Author: Louis Cazamian
Publisher: Routledge
Published: 2013-05-13
Total Pages: 383
ISBN-13: 1135027749
DOWNLOAD EBOOK →This is the first English translation of Le Roman social en Angleterre by Louis Cazamian, which is widely recognized as the classic survey of Victorian social fiction. Starting from the eighteenth century, Cazamian traces the ways in which rationalism and romanticism intertwined and competed, particularly in relation to radical political philosophy. He shows how industrialization polarized England, setting the industrial bourgeoisie in the van of progress in the first decades of the nineteenth century, until their political and economic triumph stirred up a passionate reaction against them. This reaction propelled novelists such as Charles Dickens who lies at the centre of his discussion. For this translation Martin Fido has provided a substantial foreword, and has revised and completed the bibliographical references and corrected the footnotes to assist the present-day reader.
Author: Frances Trollope
Publisher:
Published: 2014
Total Pages: 0
ISBN-13: 9781634210539
DOWNLOAD EBOOK →The mother of renowned novelist Anthony Trollope, Frances Trollope was an important literary figure in her own right. She made significant contributions to the then-nascent genre of travel writing, as well as publishing a number of well-researched novels that grapple with complex social issues. The sprawling epic The Vicar of Wrexhall casts a critical eye on the misdeeds of clergymen.

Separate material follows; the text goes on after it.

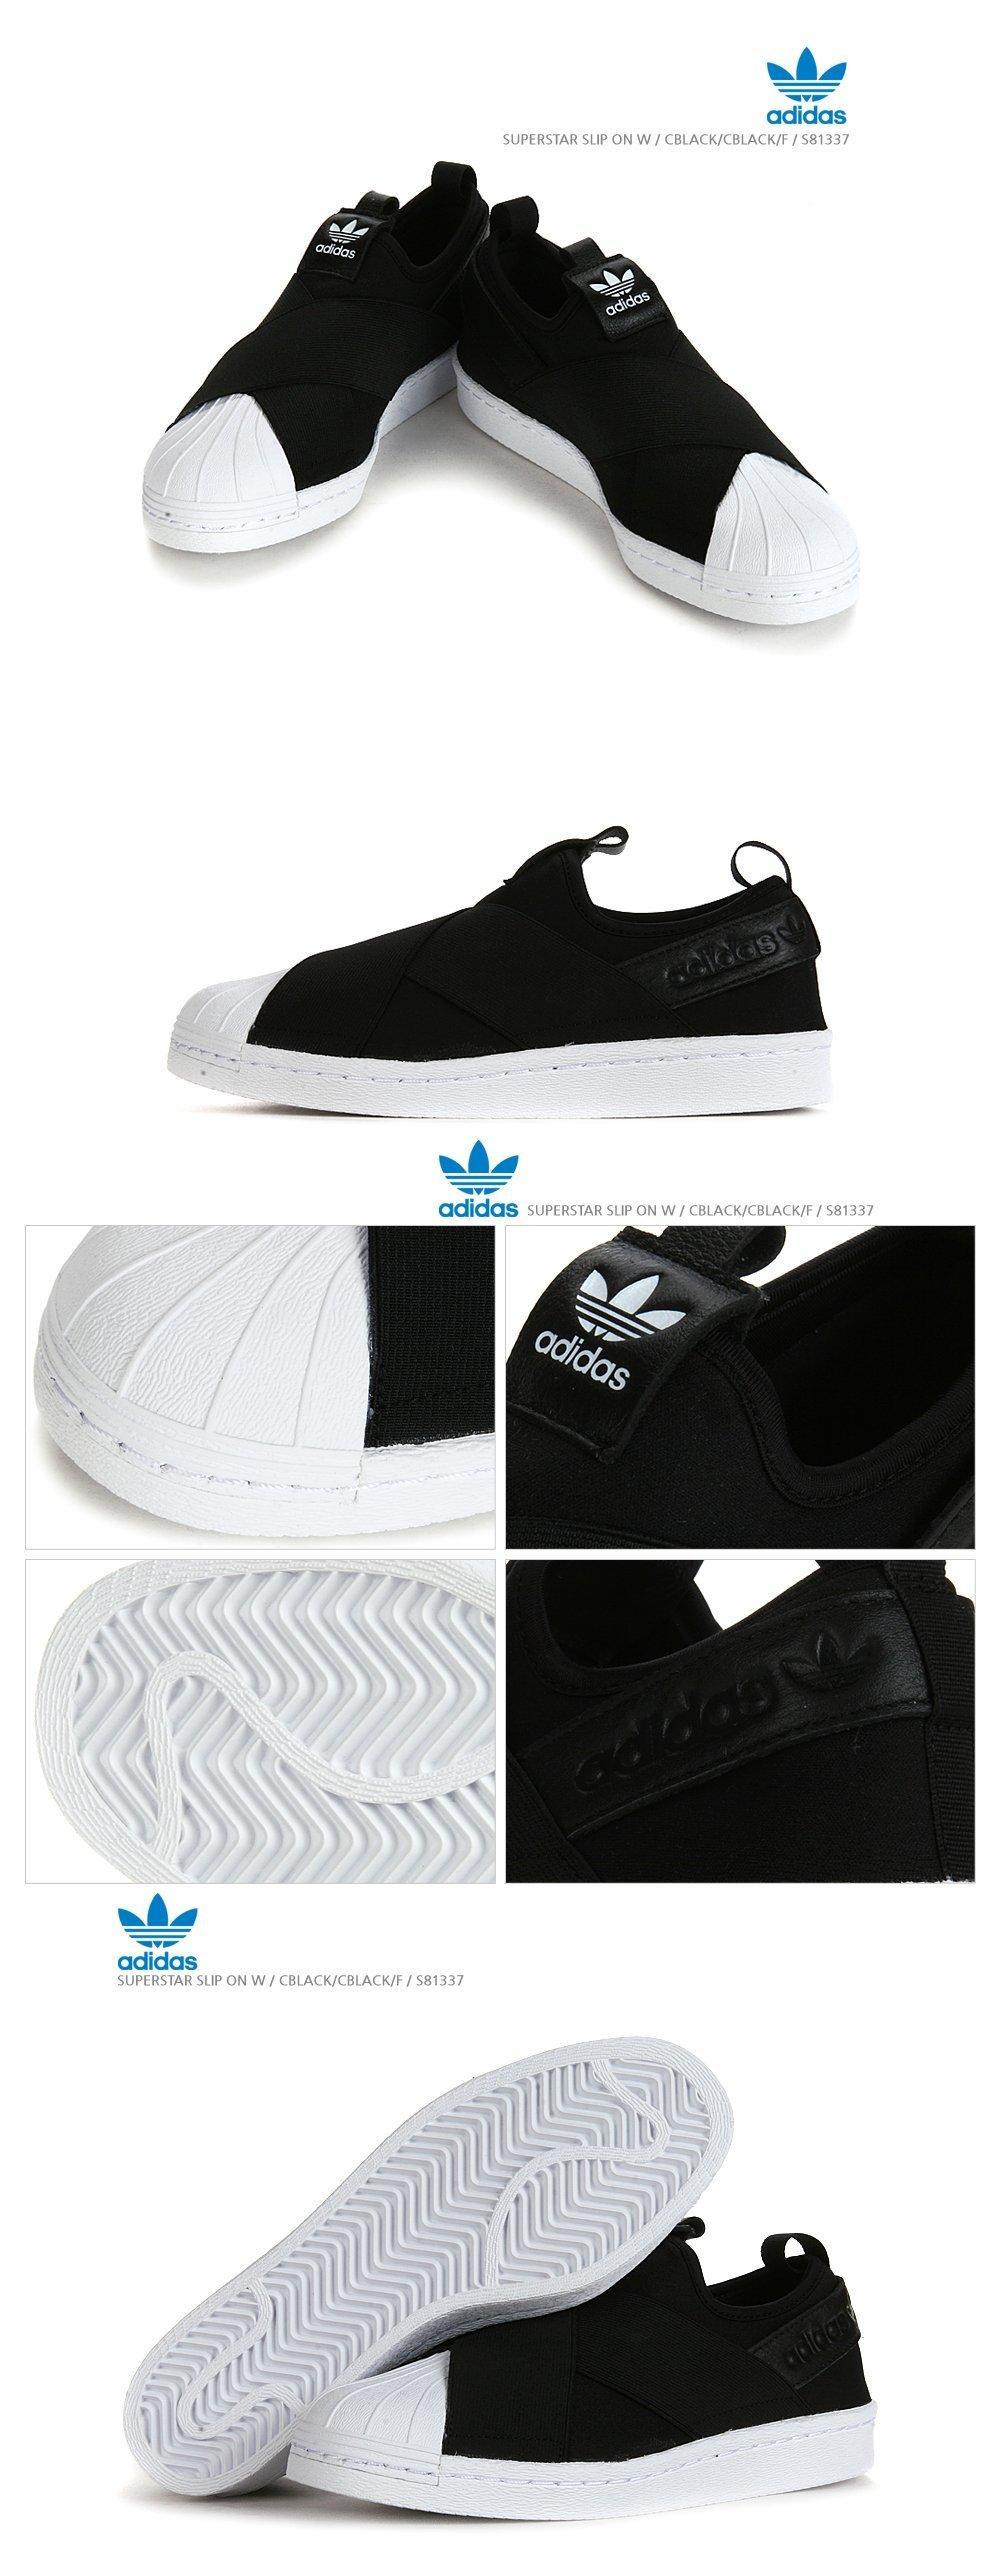 new concept 327c2 bf614 Adidas Originals Superstar Slip-on Shoes S81337 Black/White

Author: Frances Milton Trollope
Publisher: Pickering & Chatto Publishers
Published: 2009-01-01
Total Pages: 1868
ISBN-13: 9781781446539
DOWNLOAD EBOOK →Frances Milton Trollope (1779-1863) was a prolific, provocative and hugely successful novelist. She greatly influenced the generation of Victorian novelists who came after her such as Charles Dickens, George Eliot and Elizabeth Gaskell. This book features Trollope's social problem novels.